SELECT SUM("upload_upload"."size") AS "size" FROM "upload_upload" WHERE ("upload_upload"."created_at" >= ... SELECT COUNT(*) AS "__count" FROM "upload_upload" WHERE ("upload_upload"."created_at" >= ... ...6 more queries...
Middle
Oops. I think this code comes from a slightly rushed job. We can do the COUNT
and the SUM
at the same time for each query.
# New, improved count_and_size() function!
def count_and_size(qs, start, end):
sub_qs = qs.filter(created_at__gte=start, created_at__lt=end)
return sub_qs.aggregate(
count=Count('id'),
total_size=Sum('size'),
)
numbers['uploads'] = {
'today': count_and_size(upload_qs, start_today, today),
'yesterday': count_and_size(upload_qs, start_yesterday, start_today),
'this_month': count_and_size(upload_qs, start_this_month, today),
'this_year': count_and_size(upload_qs, start_this_year, today),
}
Much better, now there's only one query per time bucket.
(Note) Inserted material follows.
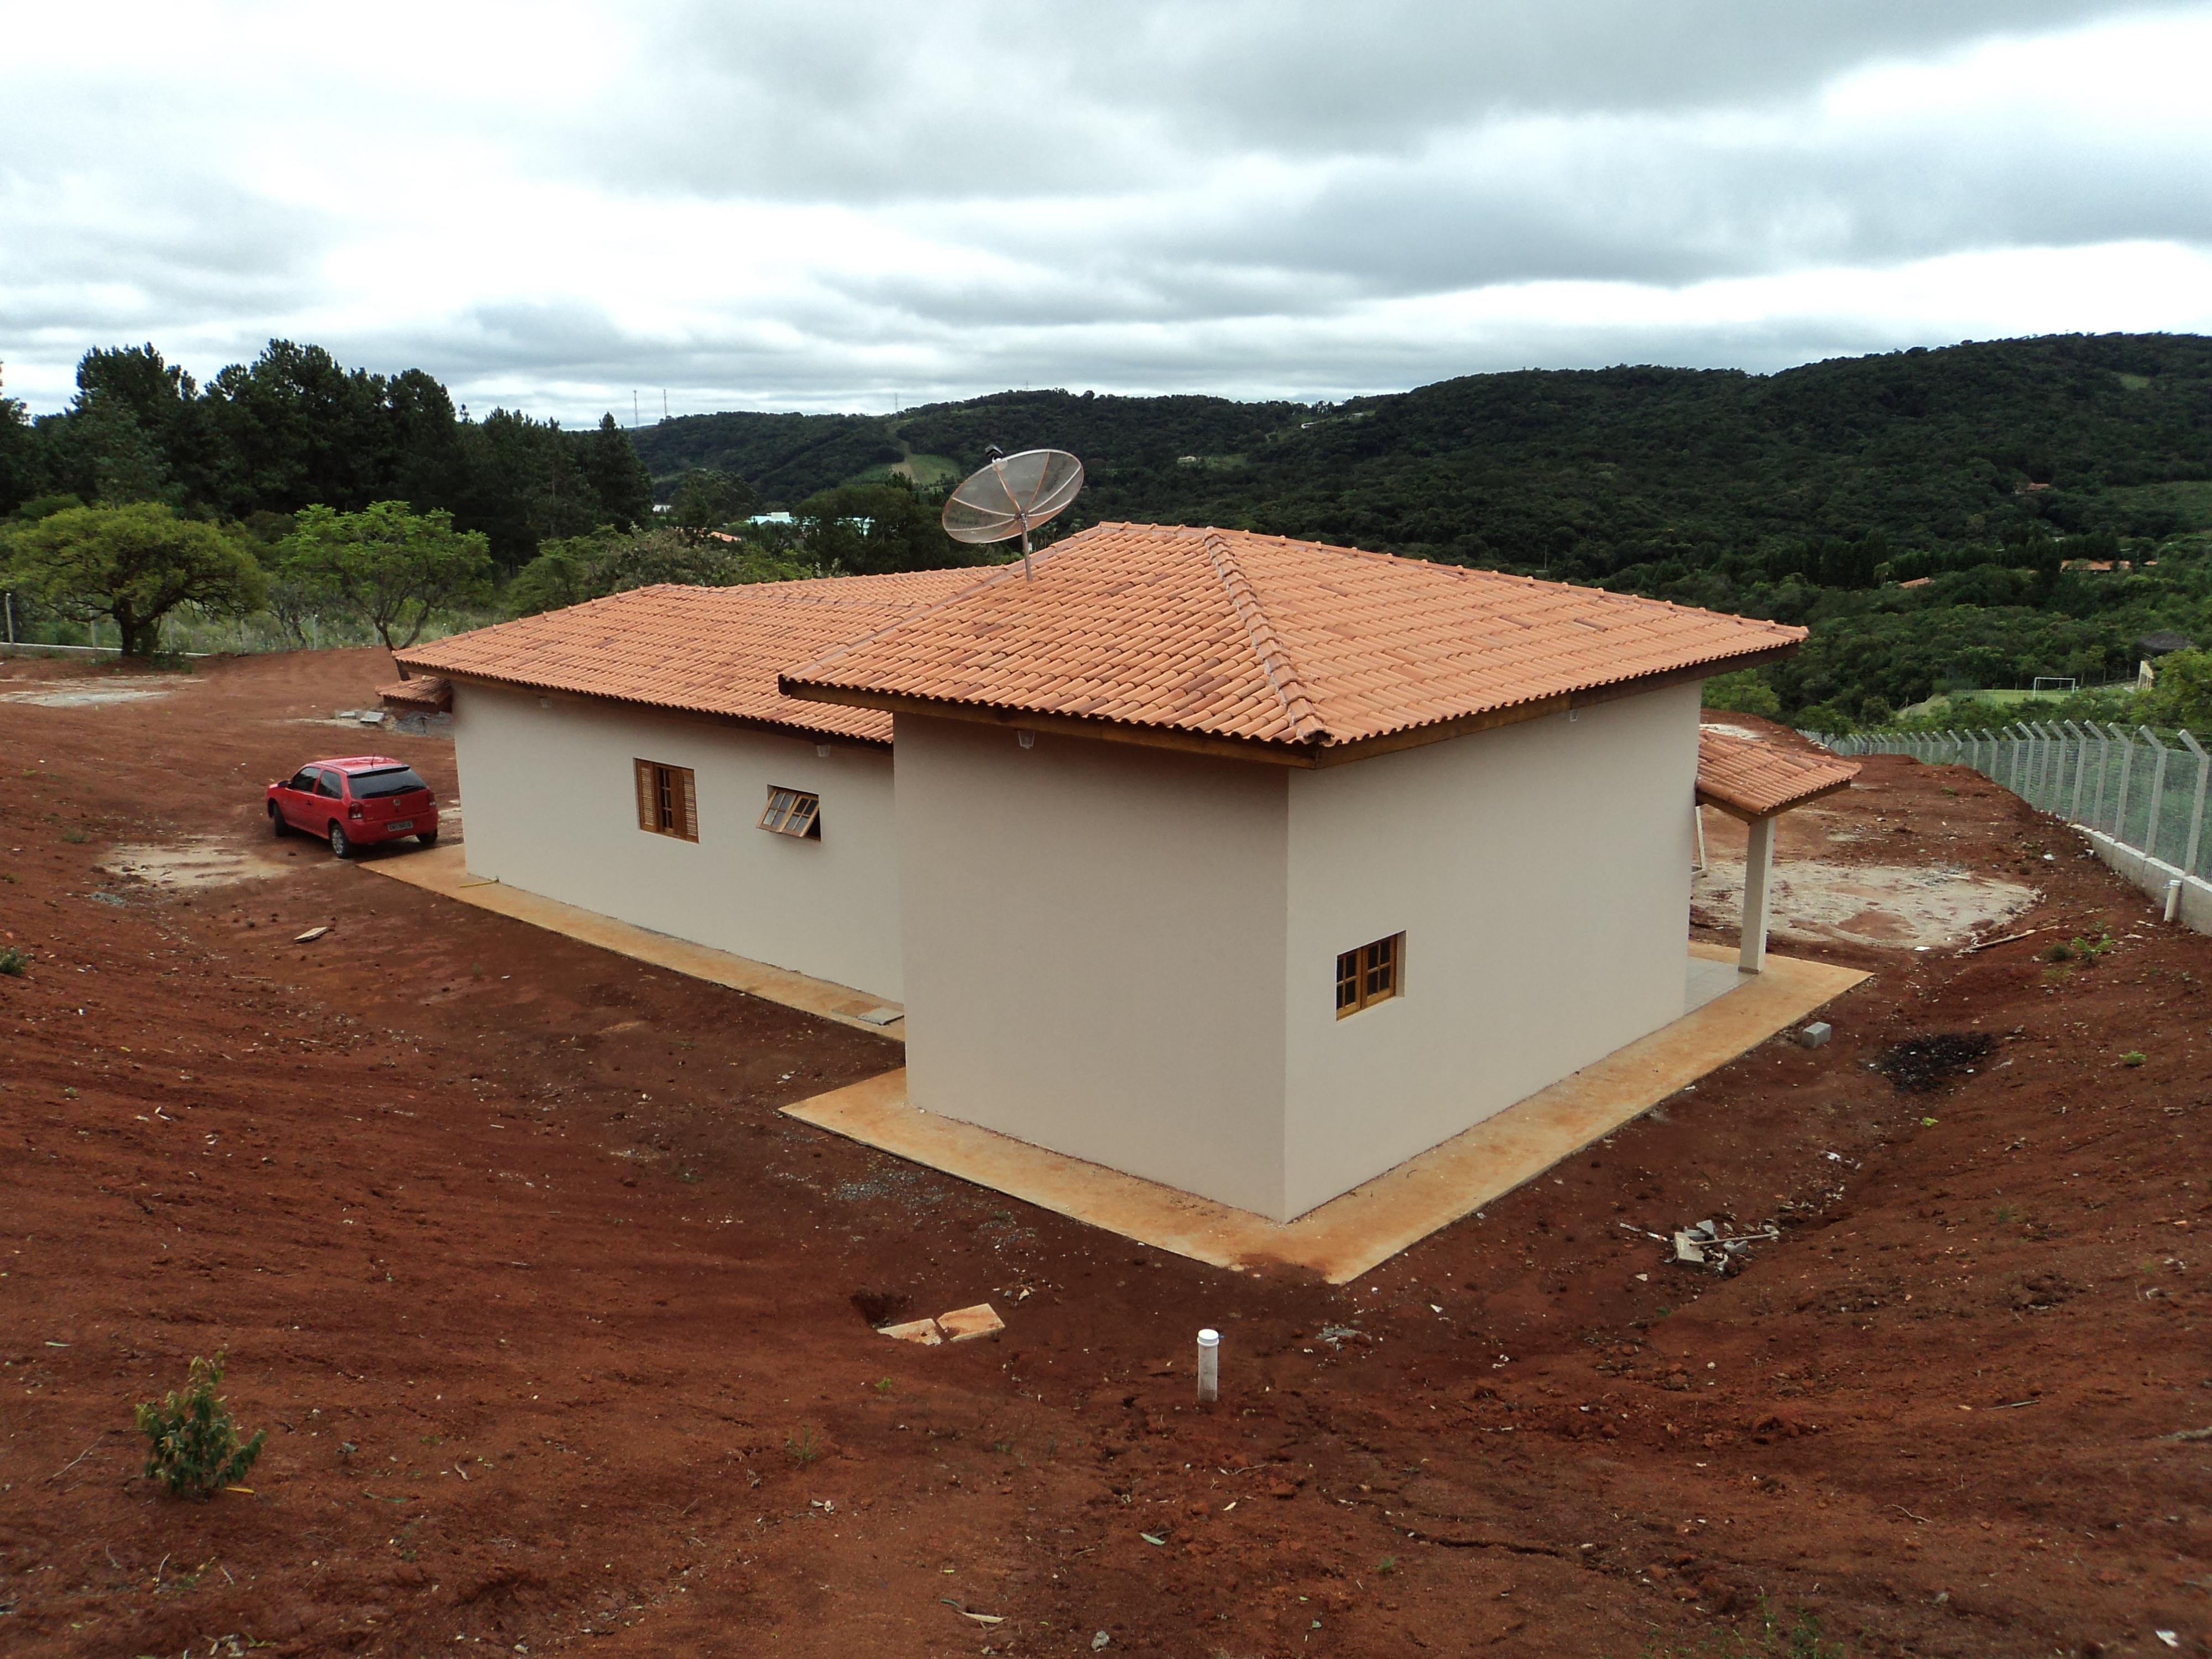 Casa constru o ana 3 viegas constru es - Fotos de recibidores de casas ...

So 4 queries in total. E.g.
SELECT COUNT("upload_upload"."id") AS "count", SUM("upload_upload"."size") AS "total_size" FROM "upload_upload" WHERE ("upload_upload"."created_at" >= ... ...3 more queries...
After
But we can do better than that! Instead, we use conditional aggregation. The syntax gets a bit hairy because there's so many keyword arguments, but I hope I've indented it nicely so it's easy to see how it works:
def make_q(start, end):
return Q(created_at__gte=start, created_at__lt=end)
q_today = make_q(start_today, today)
q_yesterday = make_q(start_yesterday, start_today)
q_this_month = make_q(start_this_month, today)
q_this_year = make_q(start_this_year, today)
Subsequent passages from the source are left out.